LEARNING FROM LONDON

Courtesy of the Ford Motor Company

Posted in Research, Transport/Mass Transit by mjr on November 4, 2010

Brylcream, big ears and mustache say, 'trust me, i kind of look like an expert'

I found this amazing ‘motion picture’ from 1955 promoting ‘good roads’, called ‘Freedom of the American Road’, produced by the Ford Motor Company.  Obviously, this is one of my themes of the thesis.  It is an amazing video on so many levels.

Here’s part one (highlighted by the introduction of highways into downtown Pittsburgh)

and part two (highlighted by Boston’s Route 128 enabling a suburban lifestyle).

Henry Ford II provides the introduction to the motion picture.  The best lines:

In talking about the grassroots efforts in demanding ‘good roads’:

“Here is real democracy in action.”

On why good roads are important:

“Simply because we Americans always have liked plenty of elbow room, freedom to go as we please in this big country of ours.”

I don’t even know where to start.  I suppose I will start in saying it is exactly the type of propaganda that these guys brilliantly executed for decades.  In every little anecdotal story, it is always the ‘people’ who have risen up to demand or come together for ‘good roads’. It never is portrayed as a top-down phenomenon, which is ironic, because that is exactly what it was and continues to be.

It is the irony of ironies that people currently hate the idea of public transit because it is subsidized and doesn’t make any money. The highway-motor complex, starting very early in the 20th century, entrenched itself in government in an effort to align good roads with the individual’s right to freedom.  This was the marketing genius that enabled an environment in which public money was pumped into roads and more roads.  Unfortunately, highways also are heavily subsidized and also do not make any money, AND they trigger land patterns that are segregated, inefficient, unhealthy, unsustainable, unhuman and horrible to look at.

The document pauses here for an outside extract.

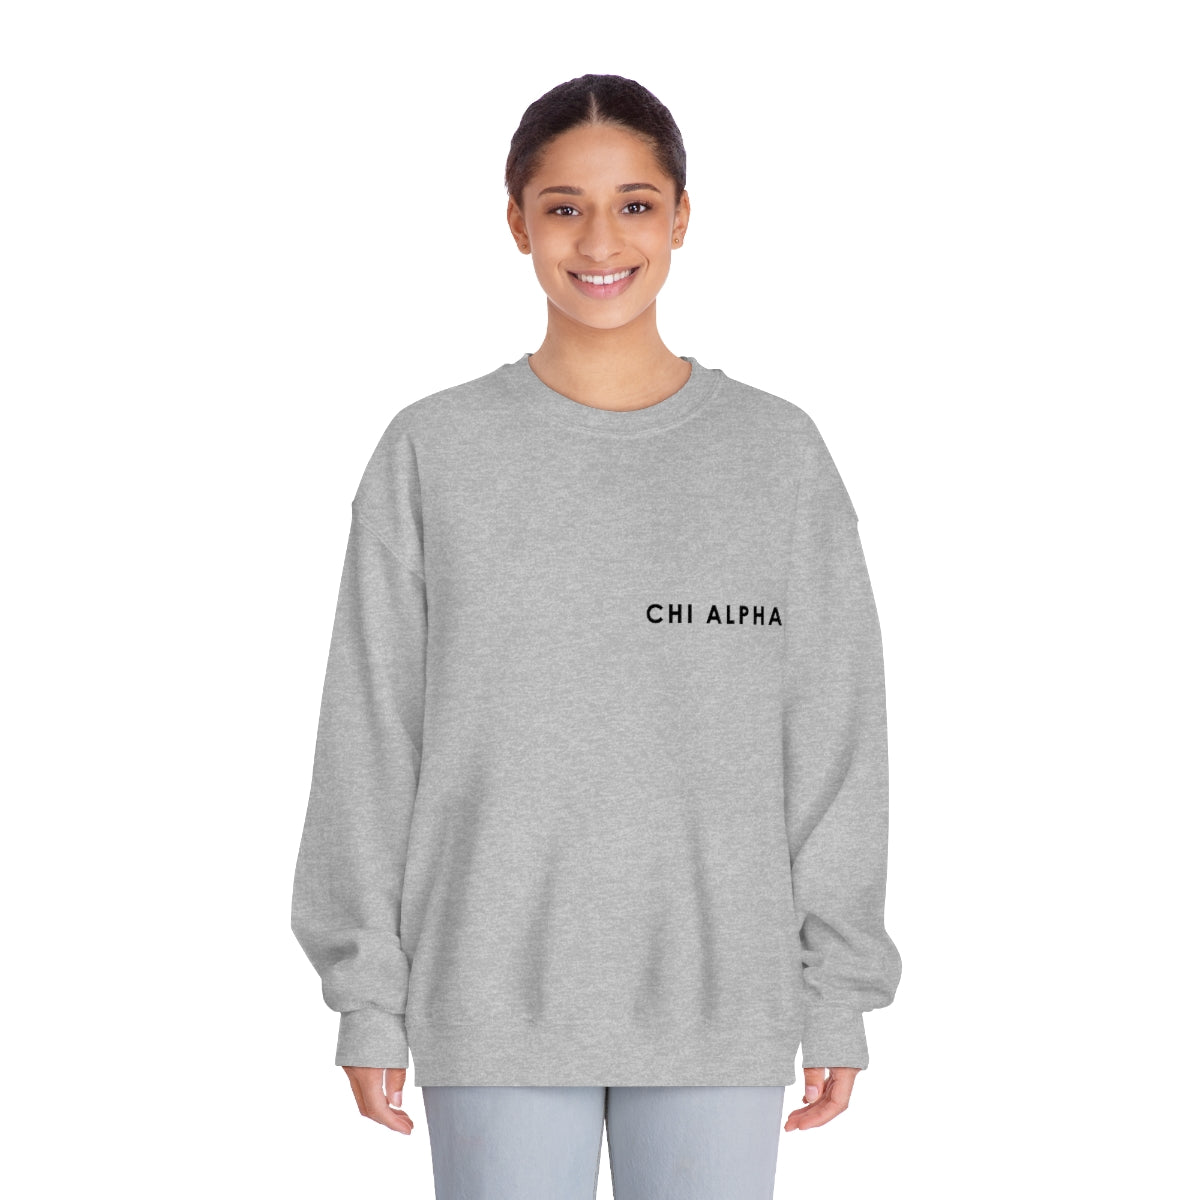 Chi Alpha Crewneck Sweatshirt

The other small thing to notice is the subtle tying of a ribbon of concrete to the words ‘free’ and ‘American’. These simple shifts in syntax began in the early 20th century and continue today. Here is one from today, though maybe it is supposed to be tongue in cheek.

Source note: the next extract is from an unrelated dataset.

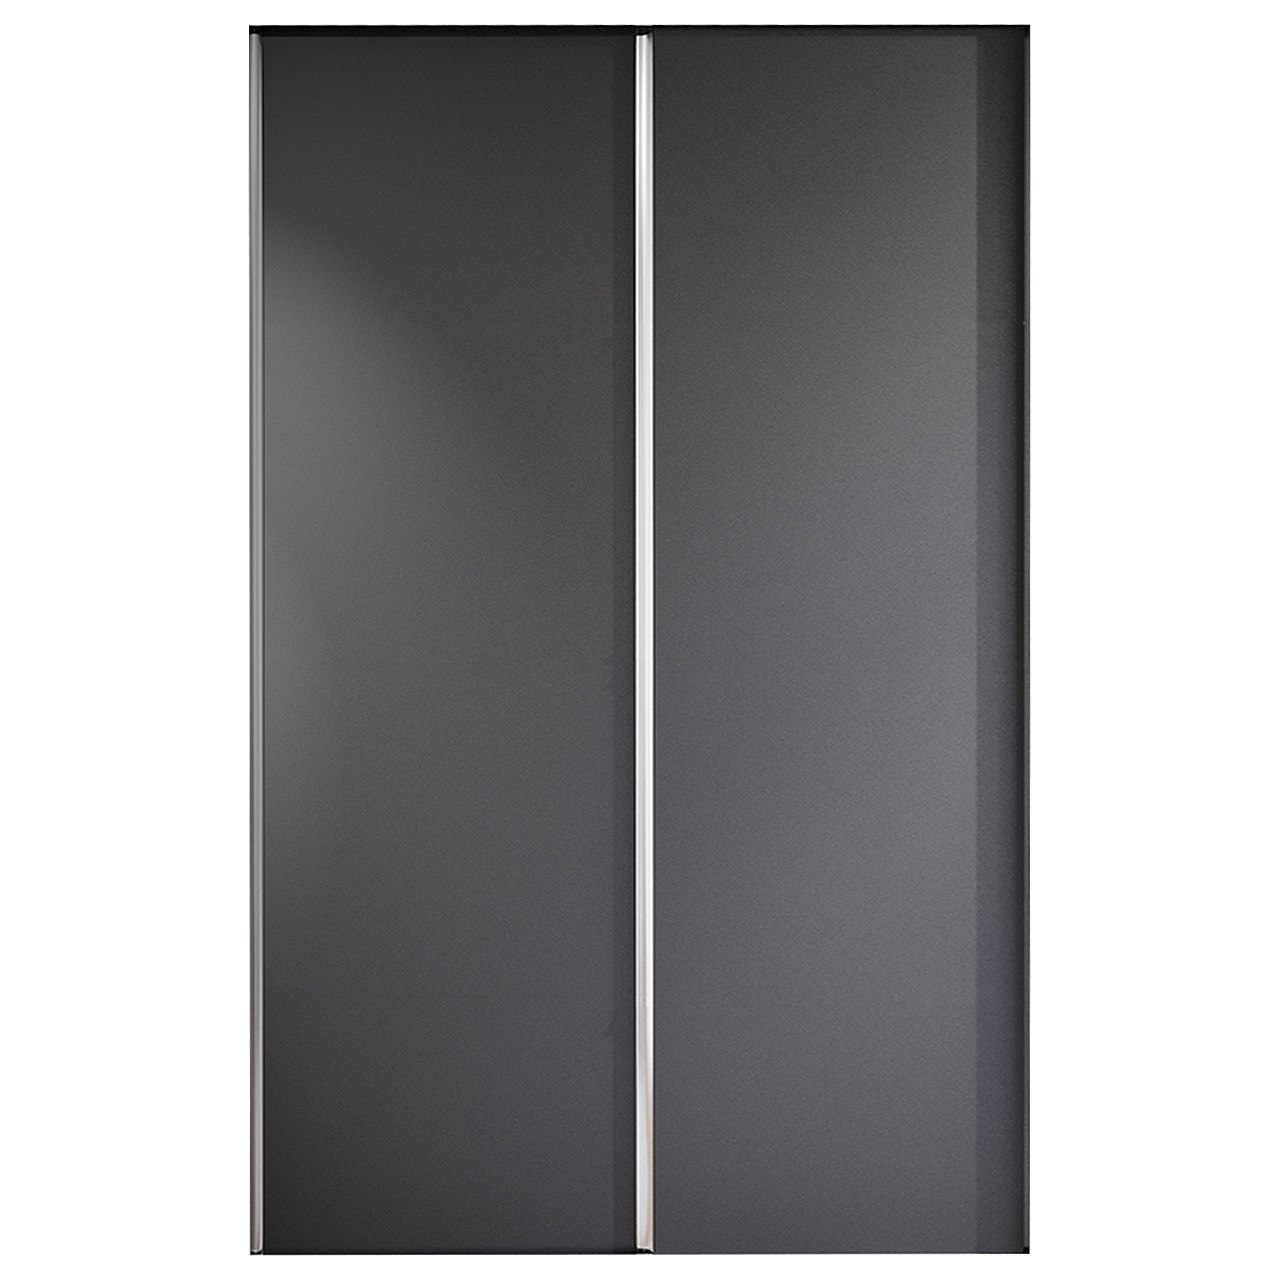 Sliding door for wardrobe MERV F5 120 black

“Here’s a couple two things America got right: cars and freedom.”

Princes Charles talks about a virtuous circle, where a human economy thrives while being in harmony with nature.  The cozy relationship between government that allocates funding and private interests that profit from that funding is a vicious cycle.  Ford, GM and the other auto companies made billions of dollars from this cycle.  All of this fueled the boom that crashed spectacularly in 2008.  In the end, they got what they deserved for their greediness and collusion, right?  Oh, no, the US taxpayers bailed them out.

Very clever, those billion dollar corporations.

If you know Pittsburgh, you’ll recognize this:  it is the old downtown point district.  Dead and gone now with no one to mourn for it. And here the plan for the new.  There’s a new horizon looking toward the Allegheny, a new landscape, new towers, a new horizon. -1950s fake engineering reporter paid by Ford Motor Company

A new horizon for Pittsburgh!

“You can say that the American road going through Pittsburgh is being opened up, being made free.”
Yes, nothing better to put on your city’s most valuable real estate than ribbons of double-decker concrete highways.

A new horizon for Pittsburgh!

Another little story told was how the citizens rose up to get Route 128 built in Boston. (I am picturing the masses coming together with concrete trucks, rollers, diggers, construction helmets and millions of dollars to build this thing. Warms the heart.) It tells the story of the 1950s ideal in about one minute.

Leaving the new suburban house…

I can't believe how little this suburban house cost me!

Getting on the wide open (free! American!) road to peacefully go to work…

look at all this open road! it is as if they build it just for me!

Driving past ‘tiny boxes made of ticky-tacky’…

Houses spring up left and right - all because of this great highway. I bet those people are really happy!

Arriving at the factory which has been built next to the highway…

And here is where I work! Lucky for me, this type of job and lifestyle will never go away!

In the end, a valuable find in my search for how it all happened.